2.4.2. Body Weight Monitoring

Starting from the first day of modeling, the body weight of all the mice was monitored daily using a high-precision electronic balance (accuracy ± 0.01 g) at a fixed time period each day throughout the experiment’s duration. For each mouse, the daily percentage of body weight loss relative to the initial body weight recorded on day 1 and the maximum weight reduction were calculated and recorded. All the mice sacrificed during the modeling procedures were rigorously excluded from the body weight data collection to ensure analytical integrity and prevent confounding variables.

2.4.3. Syndrome Observation

Changes in fur condition, posture anomalies, hunched back, responsiveness, activity status, dietary behaviors, and eye squinting of mice in each group following viral inoculation and during the model establishment procedure were observed and documented.

2.4.4. Organ Index

After the mice were weighed and euthanized, the thoracic and abdominal chambers were opened to remove the intact lungs, spleen, and thymus. The organs were weighed separately on an automated analytical balance. The spleen index, pulmonary index, and thymus index were determined using the following formula: organ index = (weight of the organ/body weight of the animal) × 100%.

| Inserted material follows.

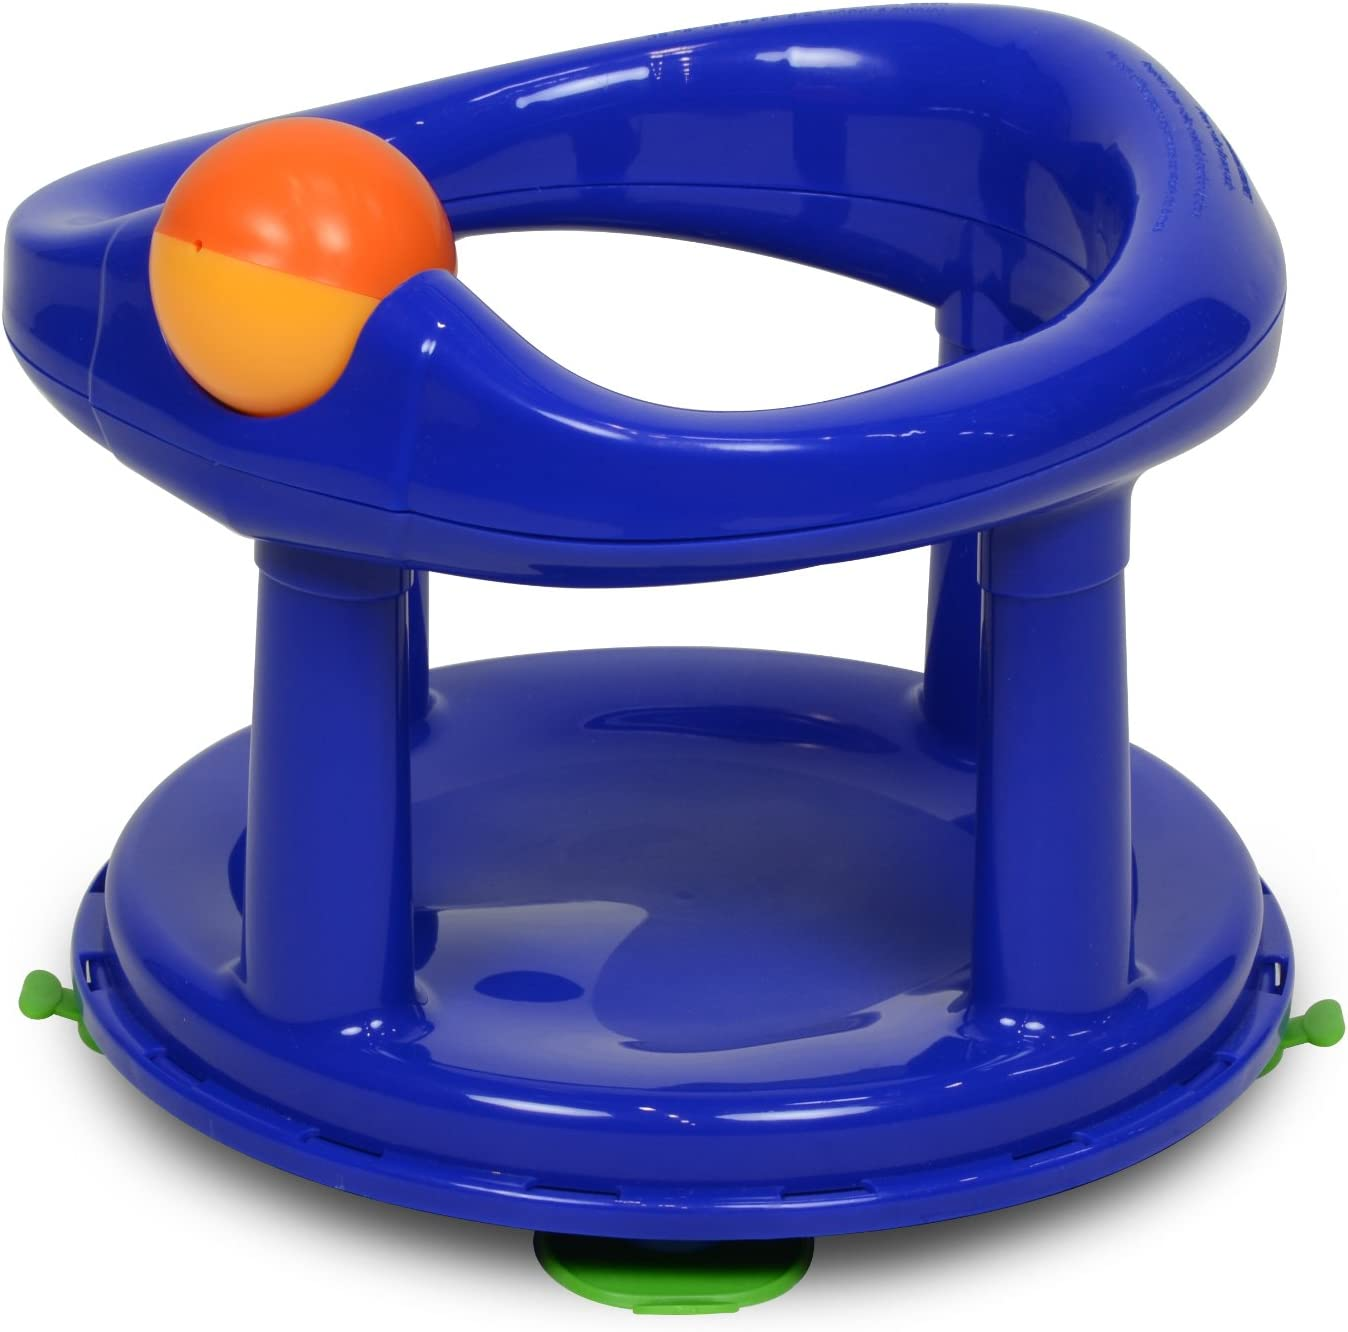 Safety 1st 37030760 - Bañera-asiento de baño

2.4.5. Final Exhaustive Swimming Duration

Following the model establishment (dpi14), all the groups of mice underwent a final exhaustive swimming test. A lead wire equivalent to 10% of each mouse’s body weight was secured at the base of its tail. Mice were individually placed in opaque cylindrical containers filled with water (25 ± 1 °C) and forced to swim until exhaustion, defined as the point when the mouse’s nose remained submerged for more than 5 s. Mice meeting this criterion were immediately removed. To prevent interference from physical contact between animals, only one mouse was tested per container at a time. Exhaustion duration was recorded in minutes (min). During the data analysis, outliers caused by operational errors (e.g., detachment of lead weights) were excluded to ensure result validity.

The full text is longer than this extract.